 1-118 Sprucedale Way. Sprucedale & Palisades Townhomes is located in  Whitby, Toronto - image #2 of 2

:::

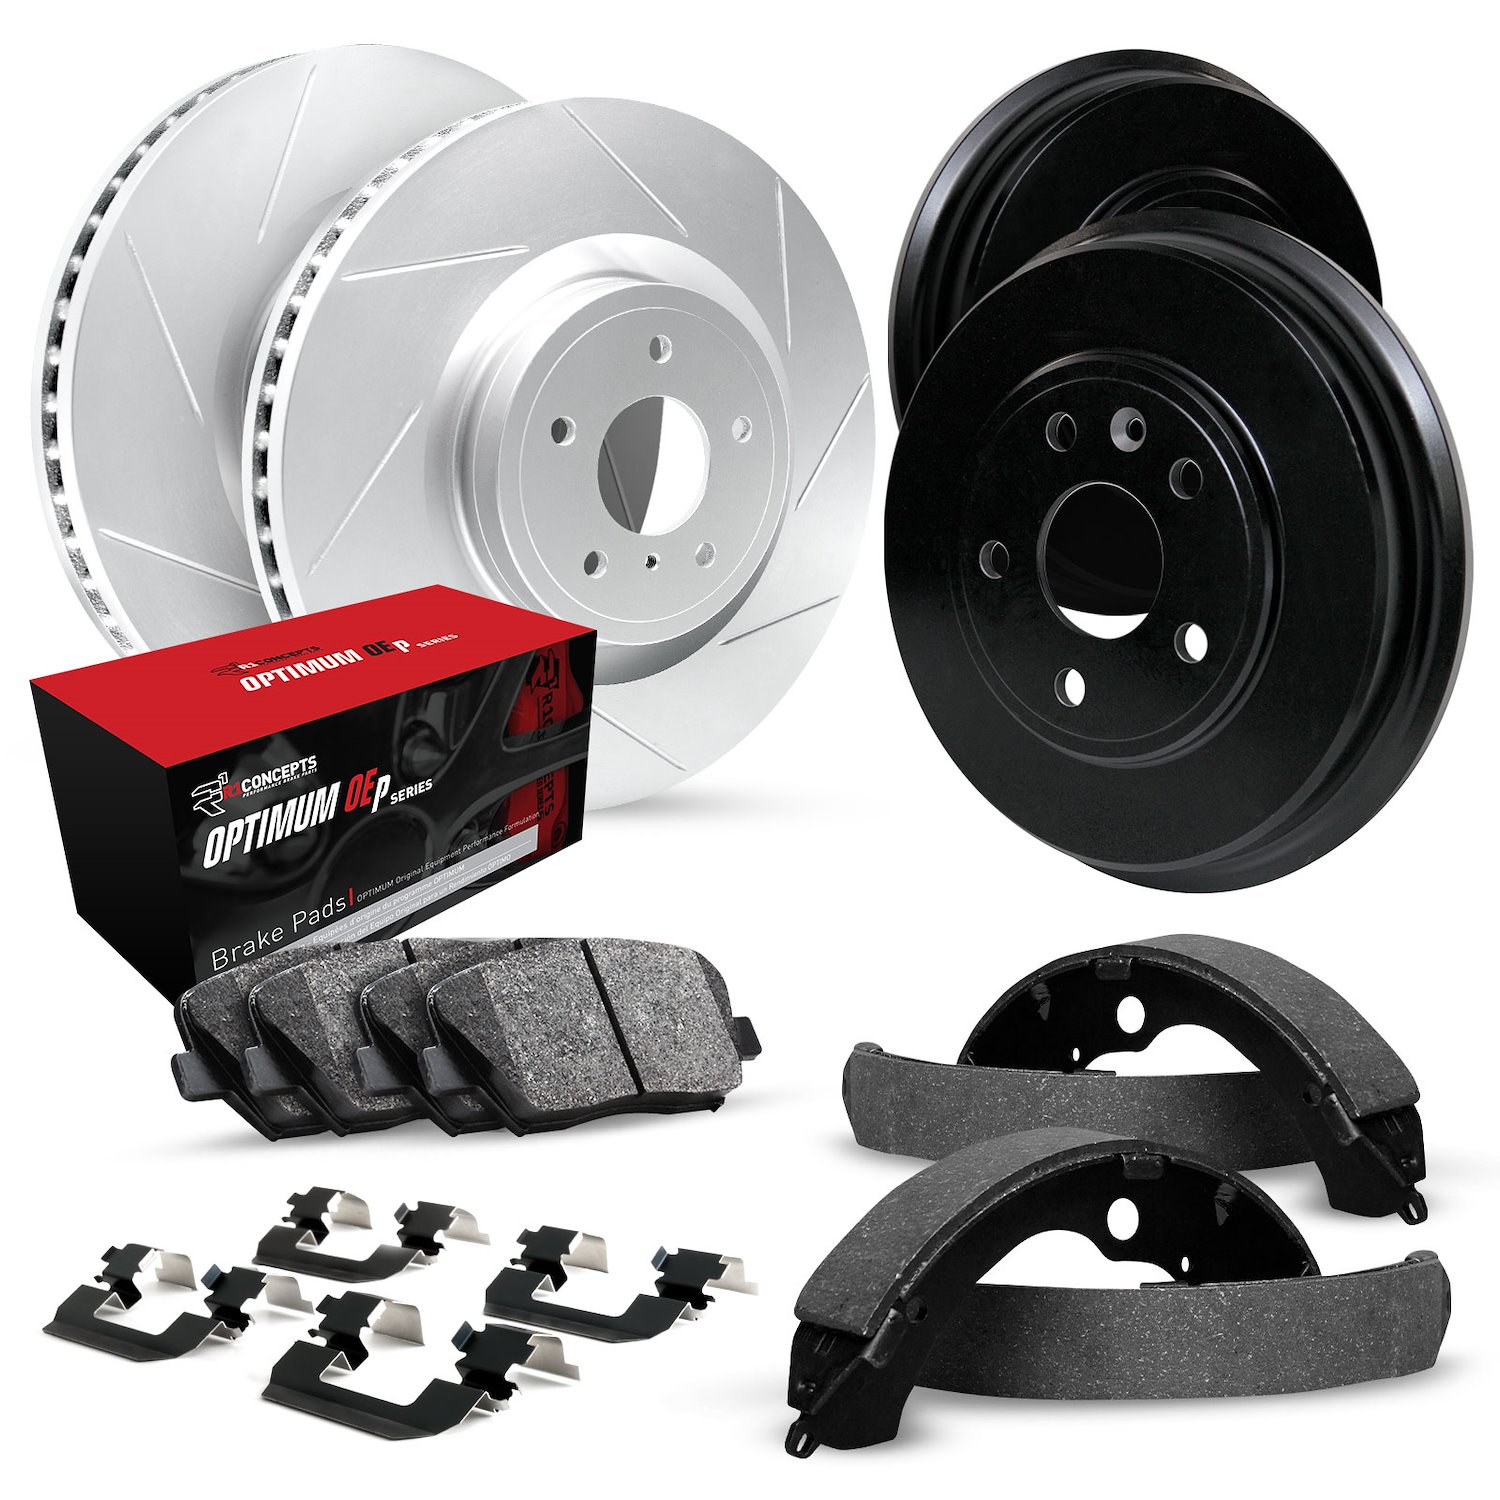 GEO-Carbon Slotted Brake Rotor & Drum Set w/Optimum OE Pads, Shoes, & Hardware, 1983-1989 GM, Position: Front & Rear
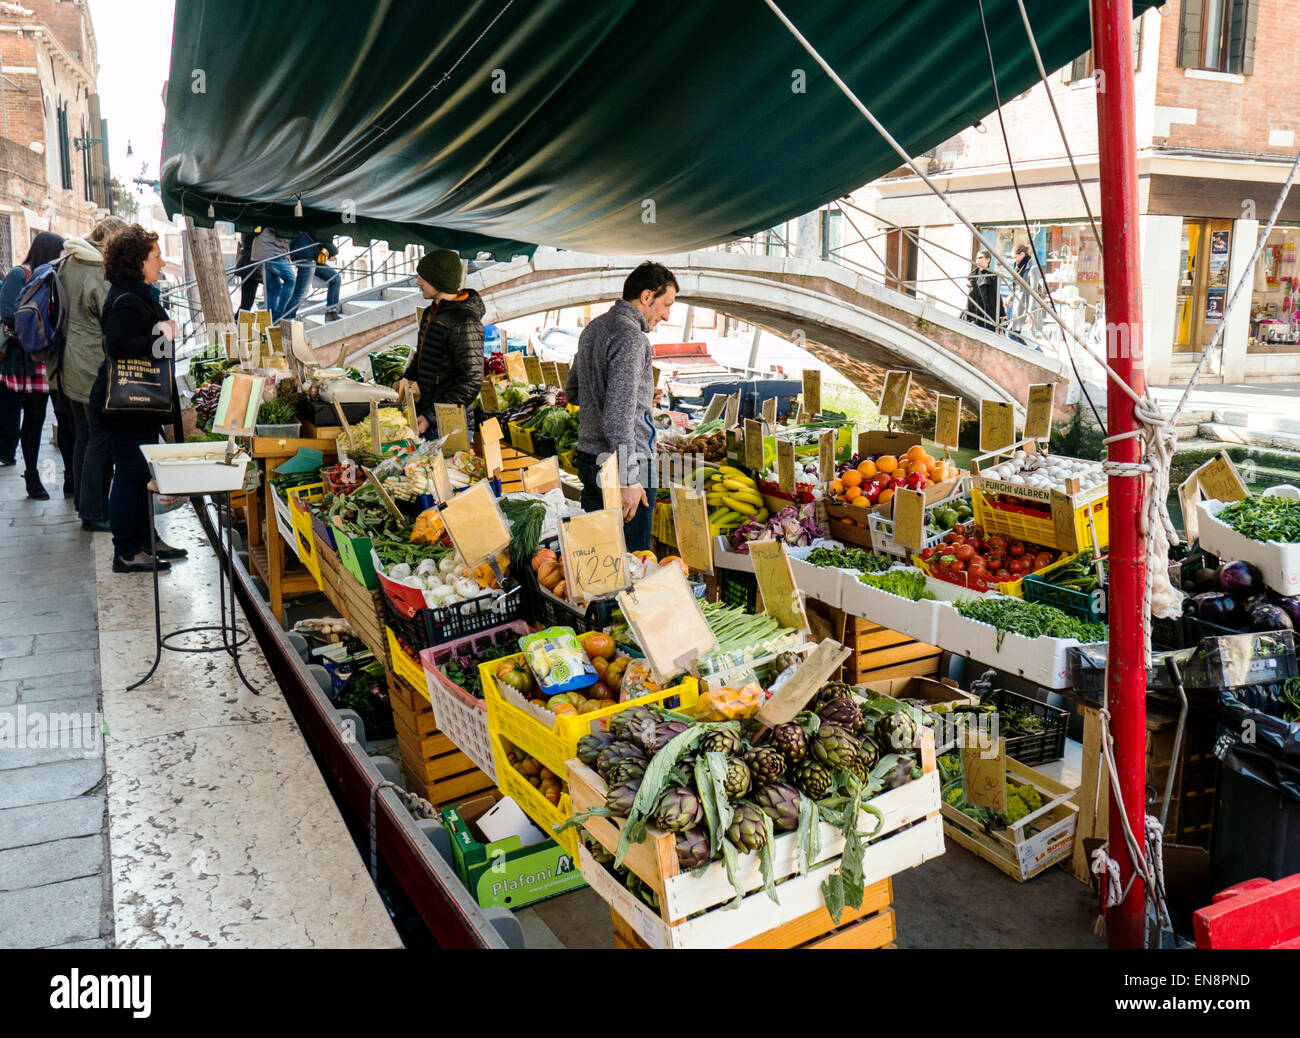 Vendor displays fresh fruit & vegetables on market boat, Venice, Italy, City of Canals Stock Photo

:::

◆ **Work to complete**: Transcribe, word for word, the stretch of lines in the data above from the one with "GEO-Carbon Slotted Brake" through the one with "Vendor displays fresh"; omit all pictures.

◆ **Answer to the exercise**:
 GEO-Carbon Slotted Brake Rotor & Drum Set w/Optimum OE Pads, Shoes, & Hardware, 1983-1989 GM, Position: Front & Rear
 Vendor displays fresh fruit & vegetables on market boat, Venice, Italy, City of Canals Stock Photo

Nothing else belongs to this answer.